- What this task involves
Please output exactly the lines from the one that holds "Çin fabrika yüksek" through the final line of the data, and nothing else; leave out any pictures.
━━━━━ Data section ━━━━━
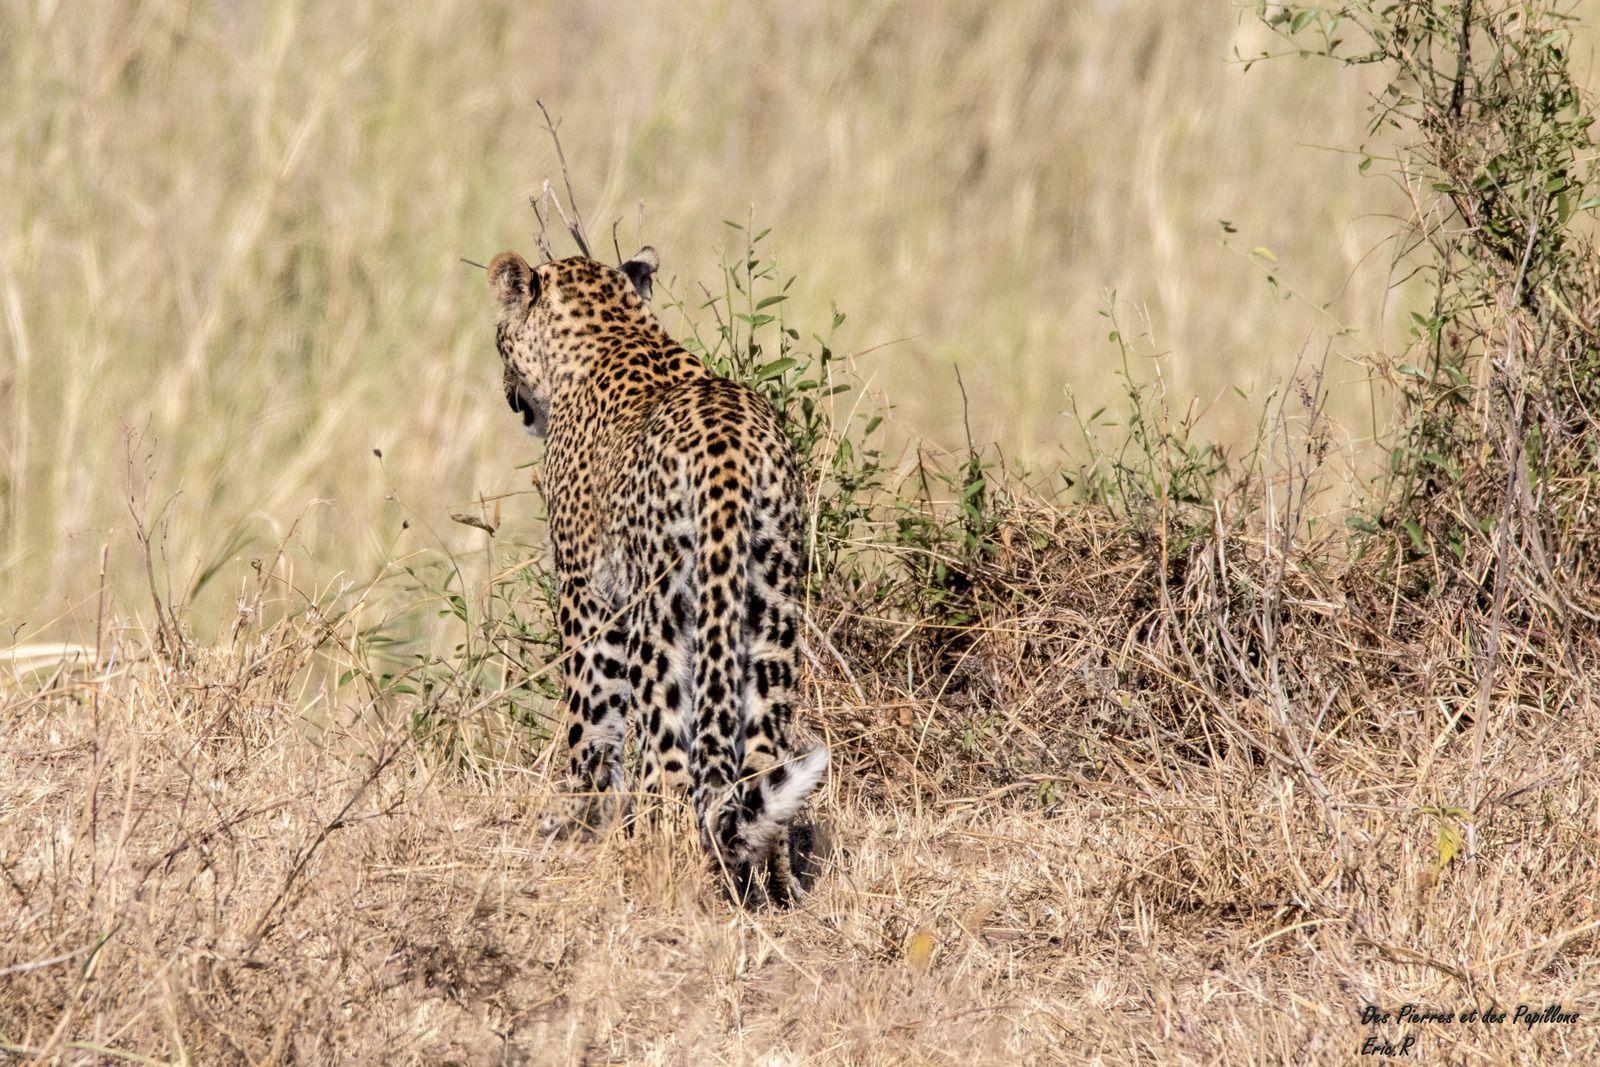 Un léopard, moment magique !
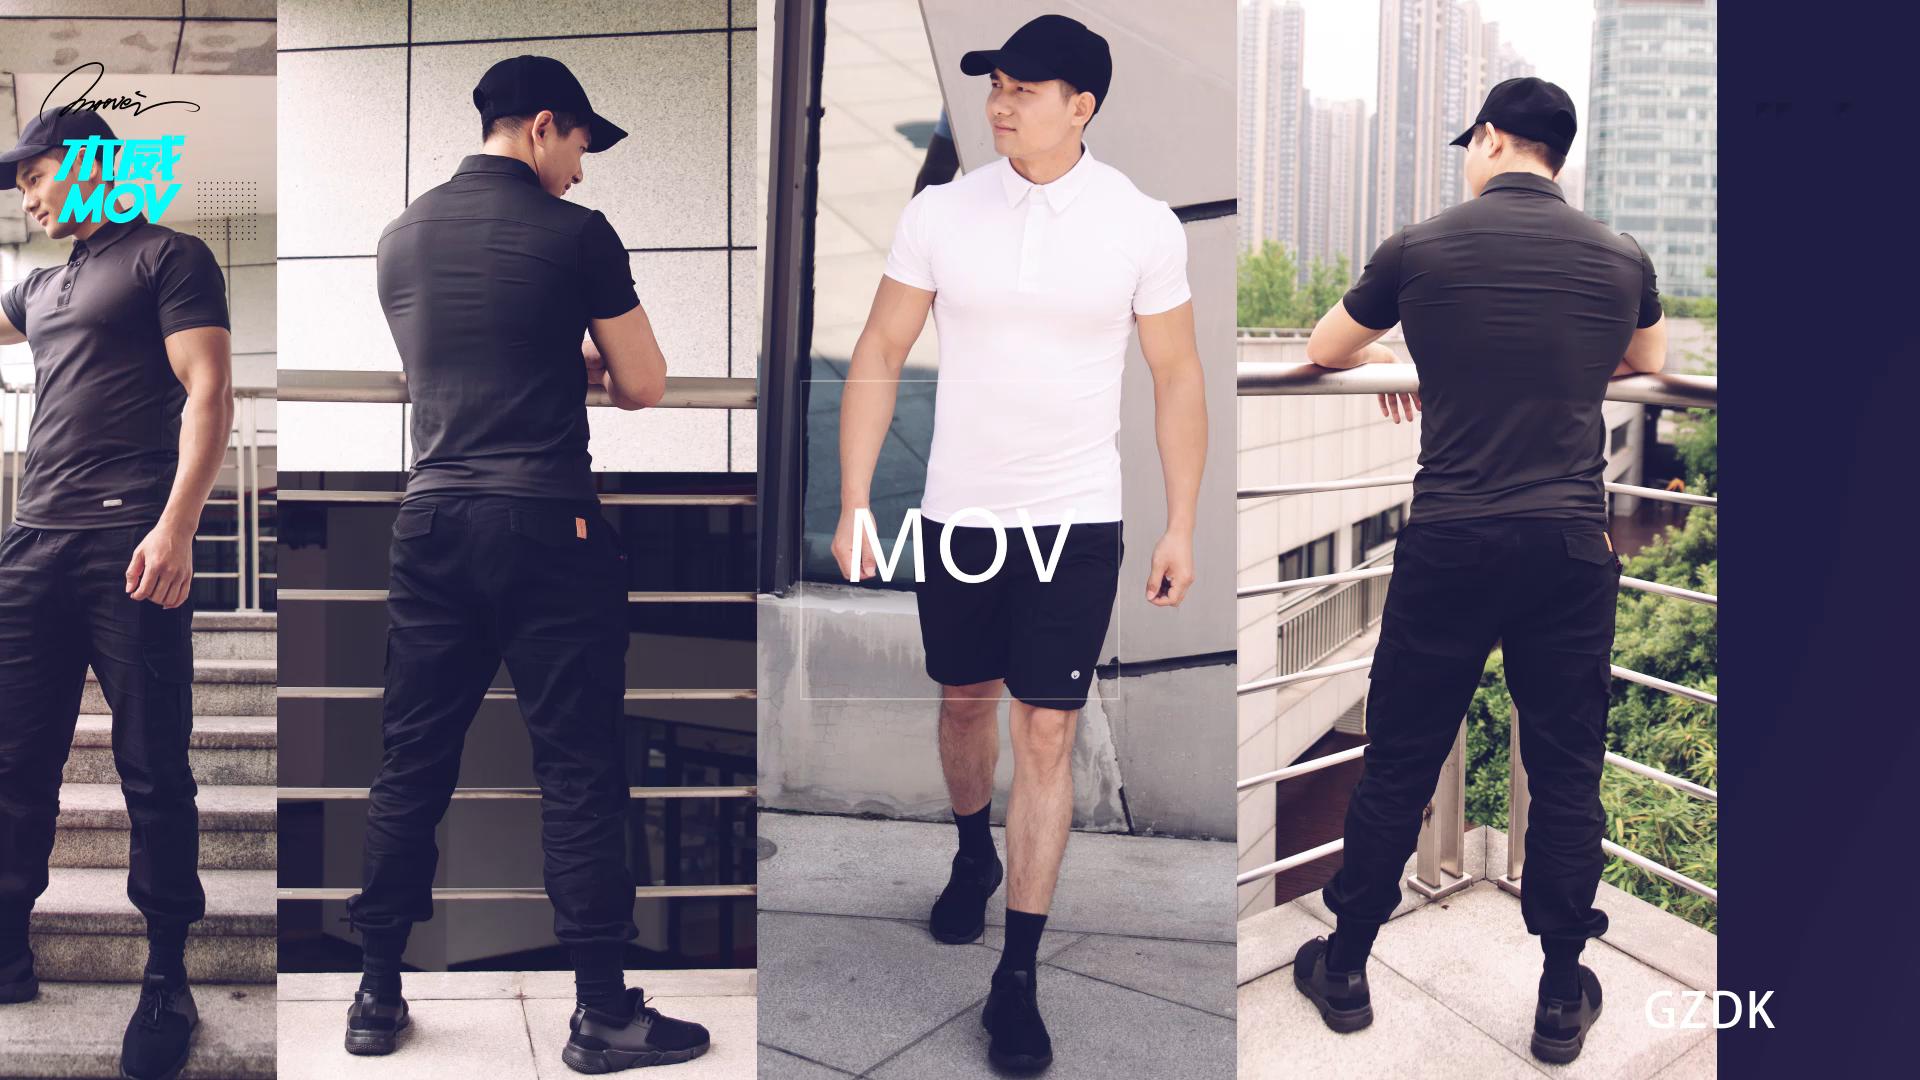 Çin fabrika yüksek kaliteli rahat baskılı özel gömlek özel logo gömlek erkekler Camisa Polo Masculina
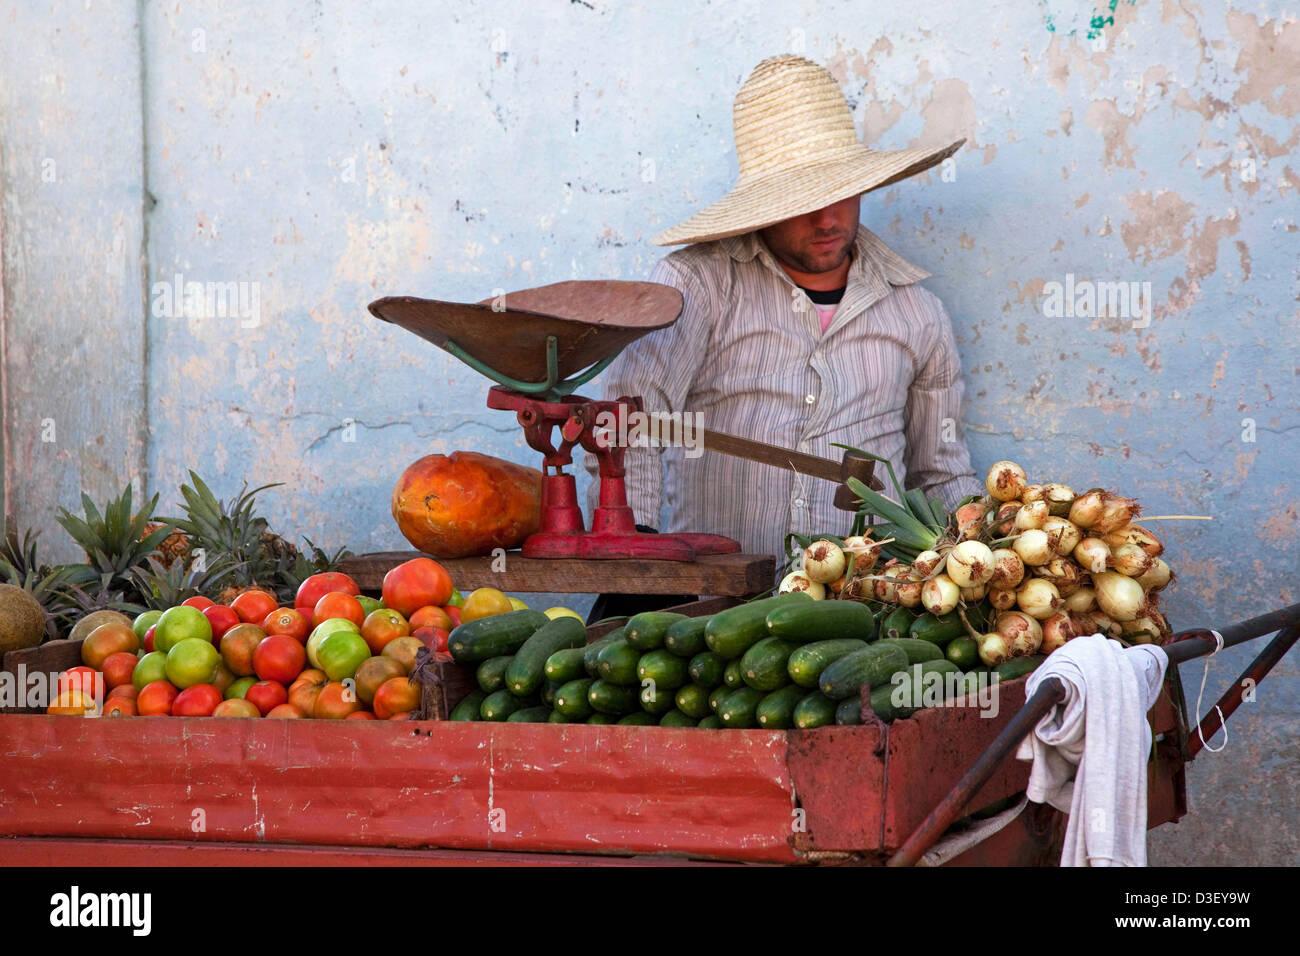 Kubanischen Anbieter verkaufen frisches Obst und Gemüse am Markt stall in Viñales, Kuba, Karibik Stockbild
━━━━━
- Exercise response
 Çin fabrika yüksek kaliteli rahat baskılı özel gömlek özel logo gömlek erkekler Camisa Polo Masculina
 Kubanischen Anbieter verkaufen frisches Obst und Gemüse am Markt stall in Viñales, Kuba, Karibik Stockbild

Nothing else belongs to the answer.